Originally from Syria, Al Olaby earned her bachelor’s degree from the Faculty of Pharmacy at Ain Shams University. As a graduate student at AUC, Al Olaby participated in the Novartis Biotechnology Leadership Camp in Cambridge, Massachusetts, where her team was named as one of the top three groups. She also took part in several fellowship-related service events and was a temporary project manager at the Egyptian Red Crescent in their inter-educative initiative, which was in collaboration with UNICEF and the Ministry of Education. Al Olaby shares, “Throughout the five and a half years I spent at AUC, I have learned a lot, whether about research or life in general.

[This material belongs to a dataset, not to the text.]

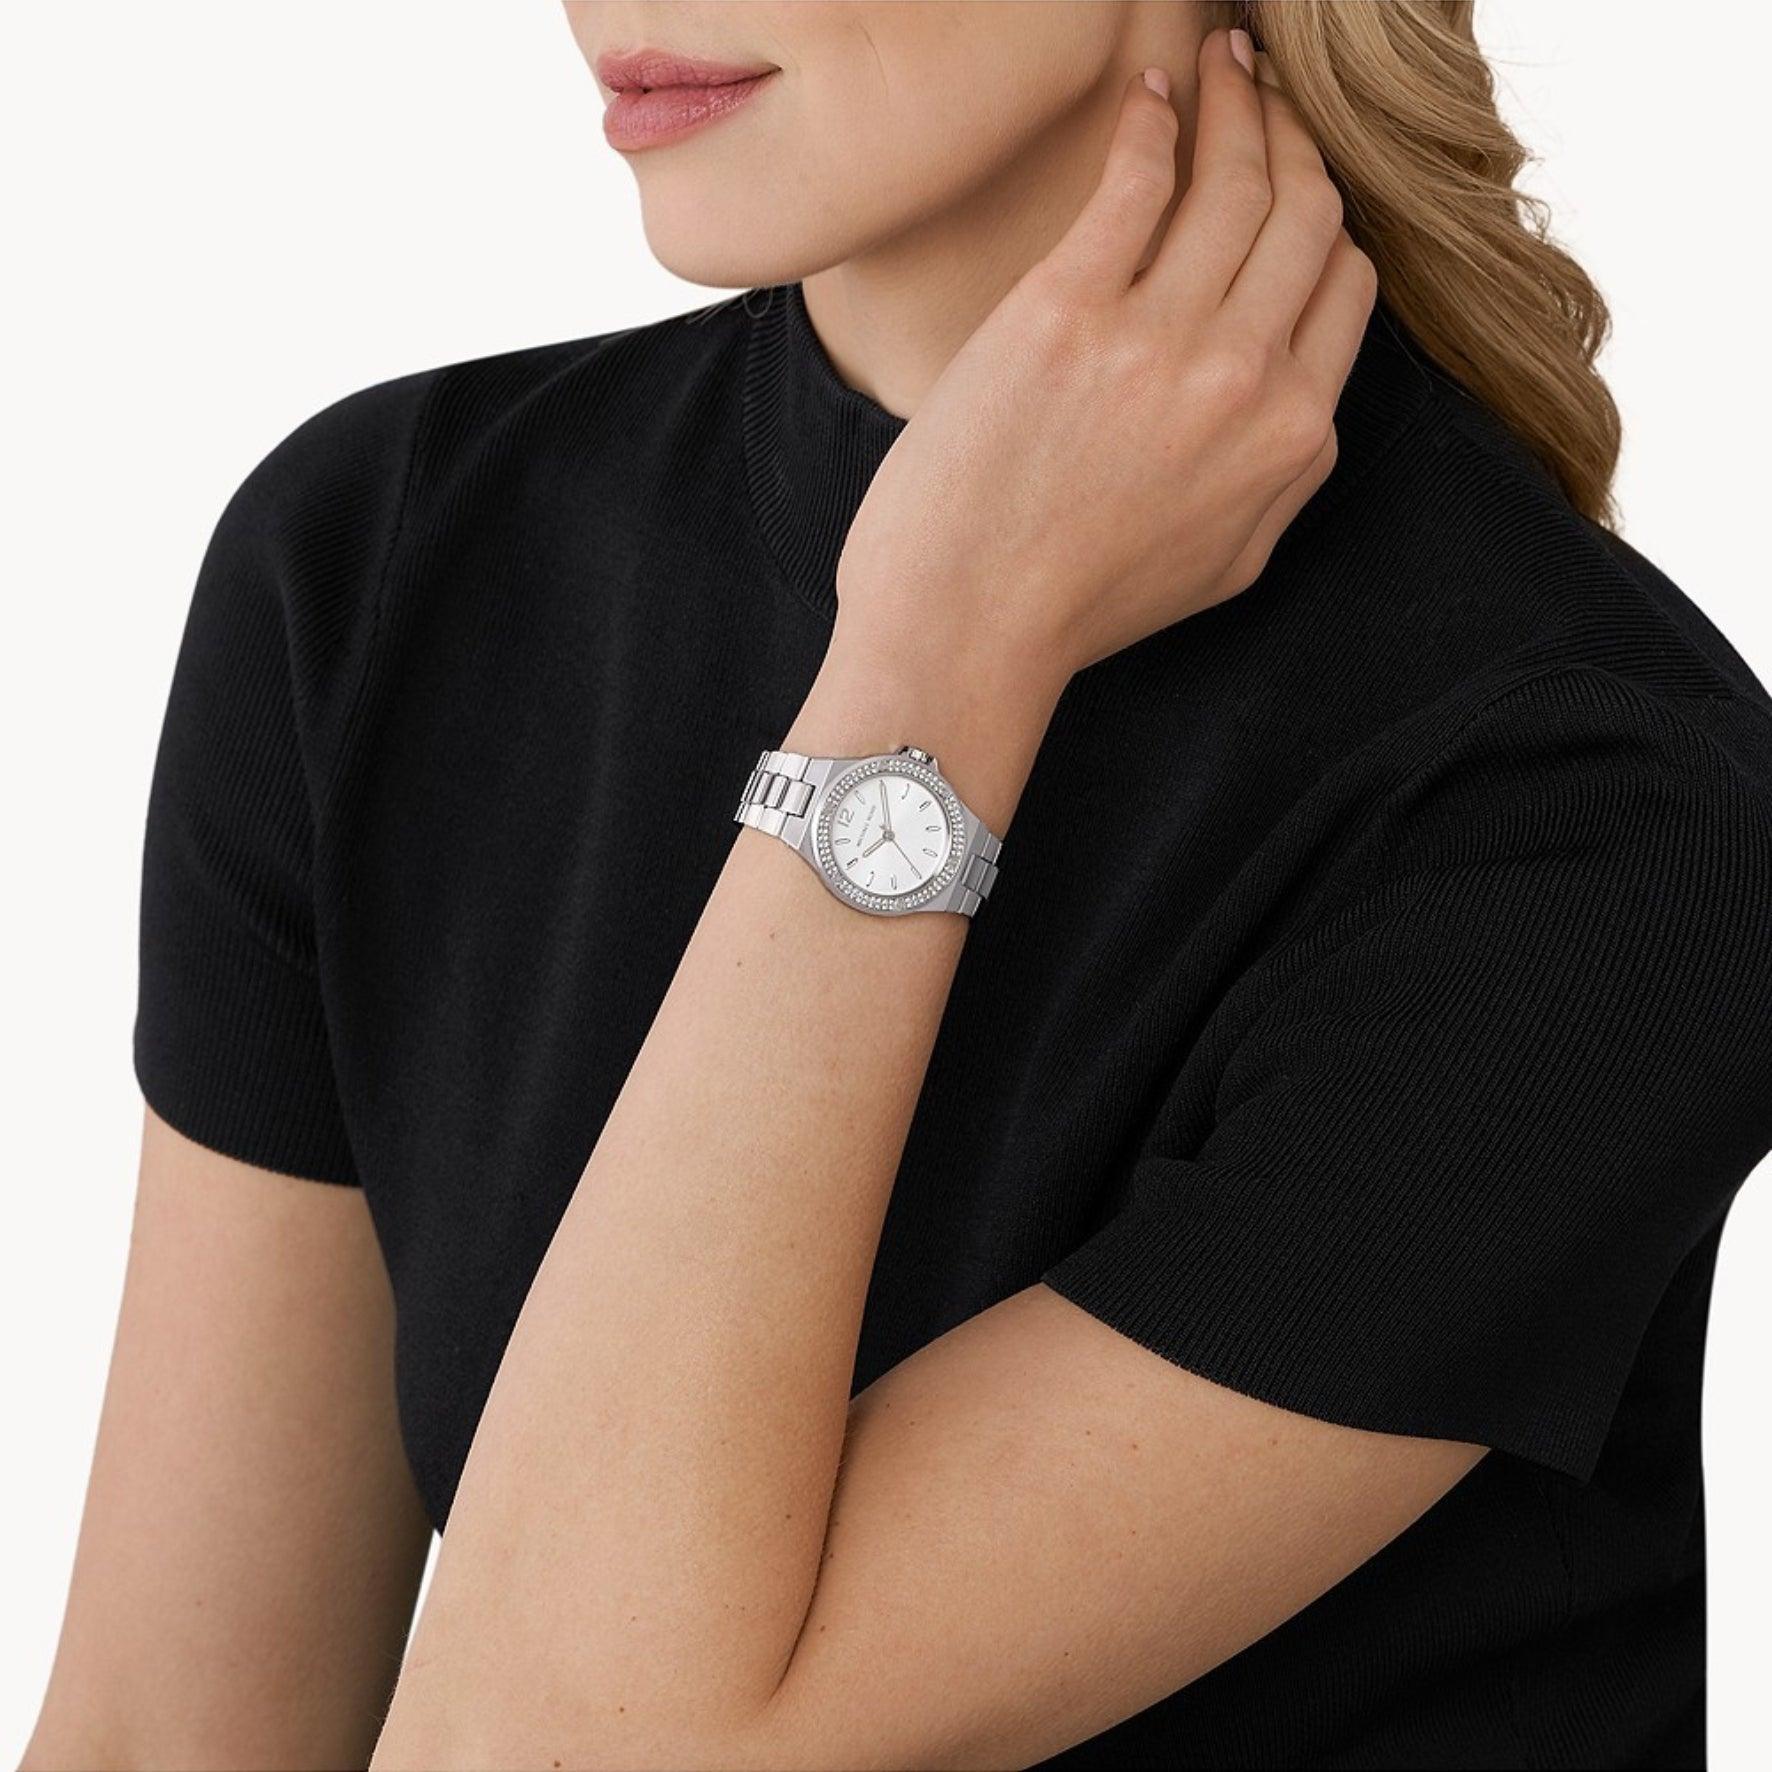 Γυναικείο ρολόι Michael Kors Lennox MK7280 με ασημί ατσάλινο μπρασελέ, ασημί καντράν και στρογγυλό στεφάνι 32mm με ζιργκόν.

I have learned how important it is to be patient and never lose hope when experiments keep failing you, how great it is to taste the wonderfulness of achievements after years of hard work, and above all how important it is to believe in what you are doing and believe that you are going to succeed.”
In recognition of the critical need for scientists and engineers in the Arab world and with the generous support and visionary leadership of alumnus Yousef Jameel ’68, AUC established the Yousef Jameel PhD Fellowship in Applied Sciences and Engineering in Fall 2010. The program is designed to prepare future scientists and industrial leaders who are Egyptian nationals and who have strong knowledge and skills in science and engineering. The program is intended to enable qualified Egyptian science and engineering graduates to attend AUC on a full tuition-free basis. The long term objective of the program is to develop the manpower for research and development in the region by providing the skill sets for future scientists who will be easily recruited in prominent positions in Egypt and the region.